For those confined to a hardware terminal, these commands provide a cut and paste facility more powerful than those provided by most windowing systems.


Command: copy
(C-a [, C-a C-[, C-a ESC)
Enter copy/scrollback mode. This allows you to copy text from the current window and its history into the paste buffer. In this mode a vi-like full screen editor is active, with controls as outlined below.


Command: crlf [state]
This affects the copying of text regions with the C-a [ command. If it is set to `on', lines will be separated by the two character sequence `CR'/`LF'. Otherwise only `LF' is used. crlf is off by default. When no parameter is given, the state is toggled.

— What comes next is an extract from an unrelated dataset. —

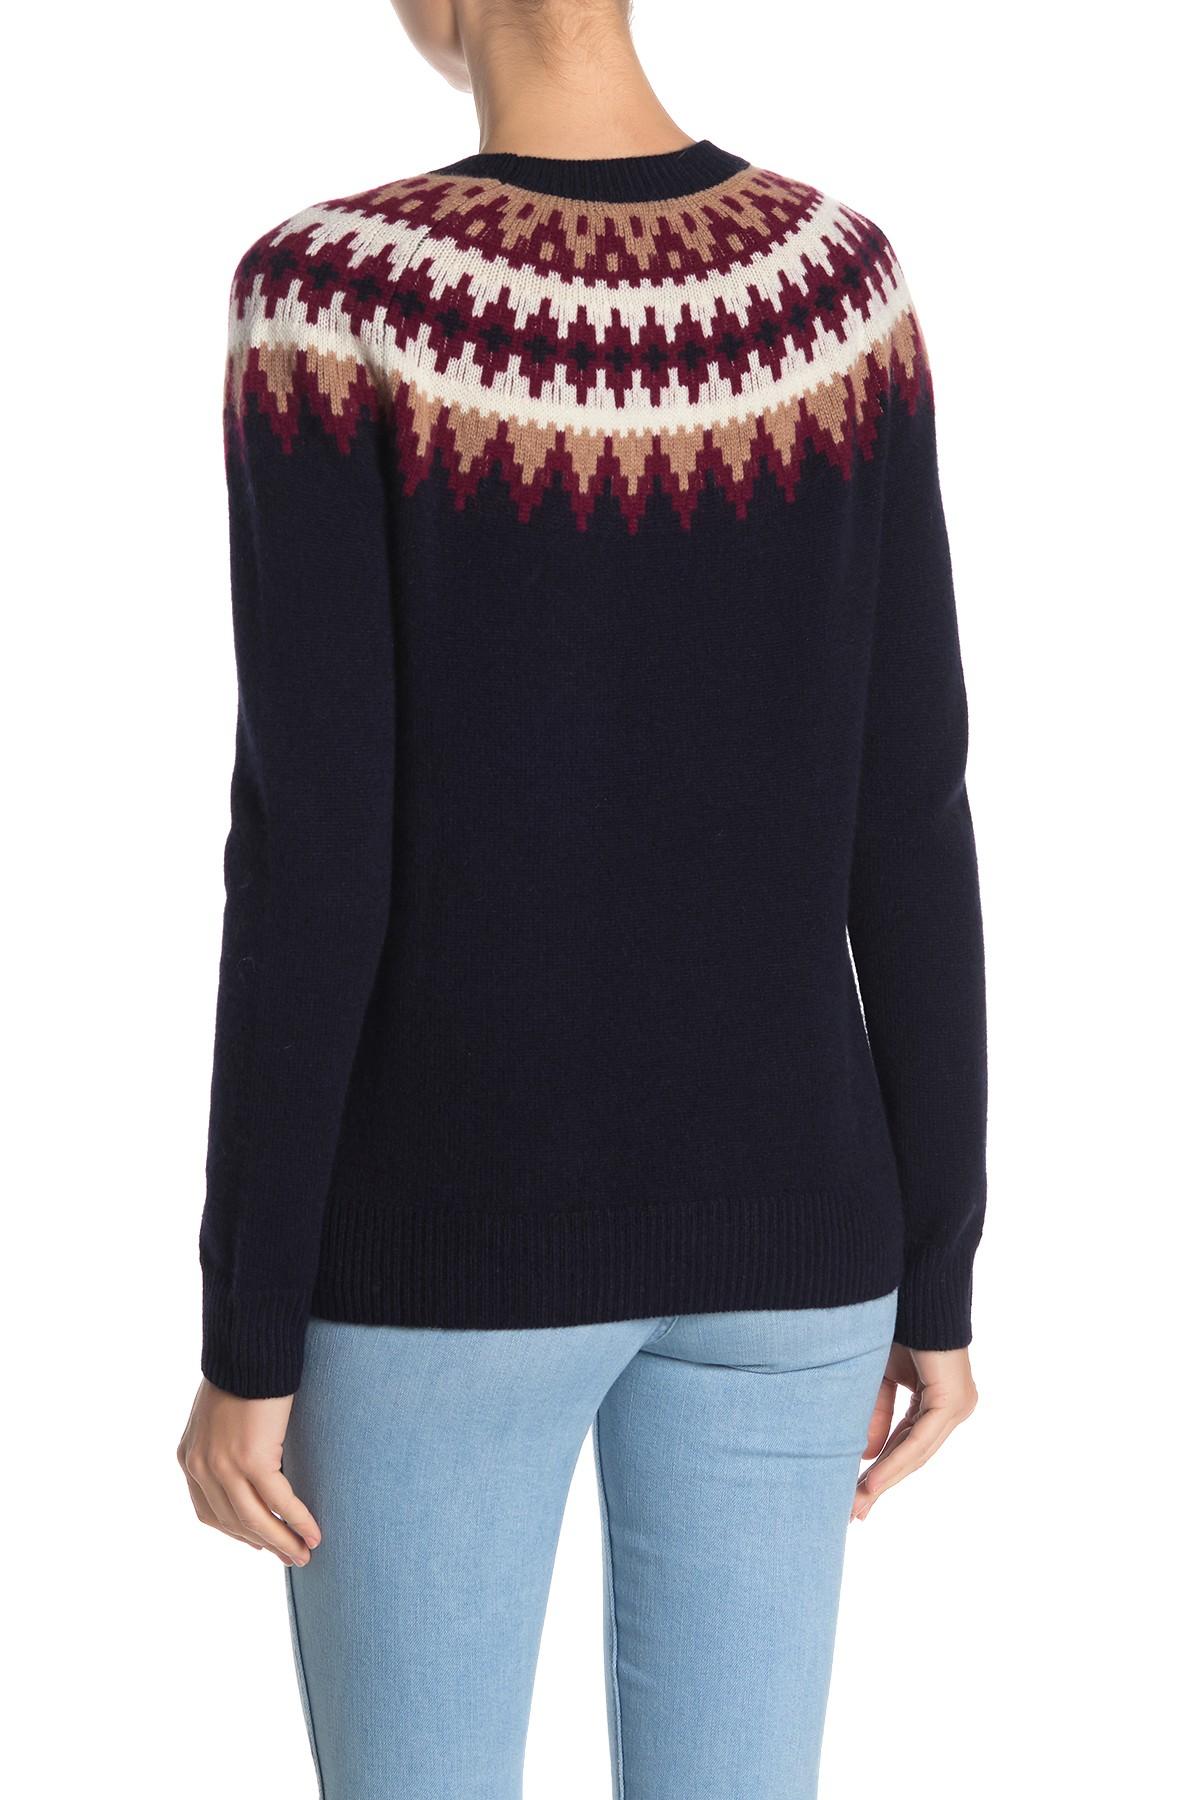 Sofia Cashmere Fair Isle Cashmere Sweater in Navy Combo (Blue) - Lyst

Command: defscrollback num
Same as the scrollback command except that the default setting for new windows is changed. Defaults to 100.

Command: scrollback num
Set the size of the scrollback buffer for new windows to num lines. The default scrollback is 100 lines. Use C-a i to view the current setting.


Command: markkeys string
This is a method of changing the keymap used for copy/history mode. The string is made up of oldchar=newchar pairs which are separated by `:'. Example: The command markkeys h=^B:l=^F:$=^E would set some keys to be more familiar to emacs users. If your terminal sends characters, that cause you to abort copy mode, then this command may help by binding these characters to do nothing. The no-op character is `' and is used like this: markkeys @=L=H if you do not want to use the `H' or `L' commands any longer. As shown in this example, multiple keys can be assigned to one function in a single statement.

Movement Keys

h, j, k, l move the cursor line by line or column by column.

0, ^ and $ move to the leftmost column or to the first or last non-whitespace character on the line.

H, M and L move the cursor to the leftmost column of the top, center or bottom line of the window.

+ and - move the cursor to the leftmost column of the next or previous line.

G moves to the specified absolute line (default: end of buffer). | moves to the specified absolute column.

w, b, e move the cursor word by word. C-u and C-d scroll the display up/down by the specified amount of lines while preserving the cursor position. (Default: half screenfull).

C-b and C-f move the cursor up/down a full screen.

g moves to the beginning of the buffer.

% jumps to the specified percentage of the buffer.

Note that Emacs-style movement keys can be specified by a .screenrc command. (markkeys "h=^B:l=^F:$=^E") There is no simple method for a full emacs-style keymap, however, as this involves multi-character codes.


The copy range is specified by setting two marks. The text between these marks will be highlighted. Press space to set the first or second mark respectively.

Y and y can be used to mark one whole line or to mark from start of line.

W marks exactly one word.

Repeat Count

Any command in copy mode can be prefixed with a number (by pressing digits 0...9) which is taken as a repeat count. Example: C-a C-[ H 10 j 5 Y will copy lines 11 to 15 into the paste buffer.


/ vi-like search forward.

? vi-like search backward.

C-a s emacs style incremental search forward.

C-r emacs style reverse i-search.


There are, however, some keys that act differently here from in vi. Vi does not allow to yank rectangular blocks of text, but screen does. Press

c or C to set the left or right margin respectively. If no repeat count is given, both default to the current cursor position.
Example: Try this on a rather full text screen: C-a [ M 20 l SPACE c 10 l 5 j C SPACE.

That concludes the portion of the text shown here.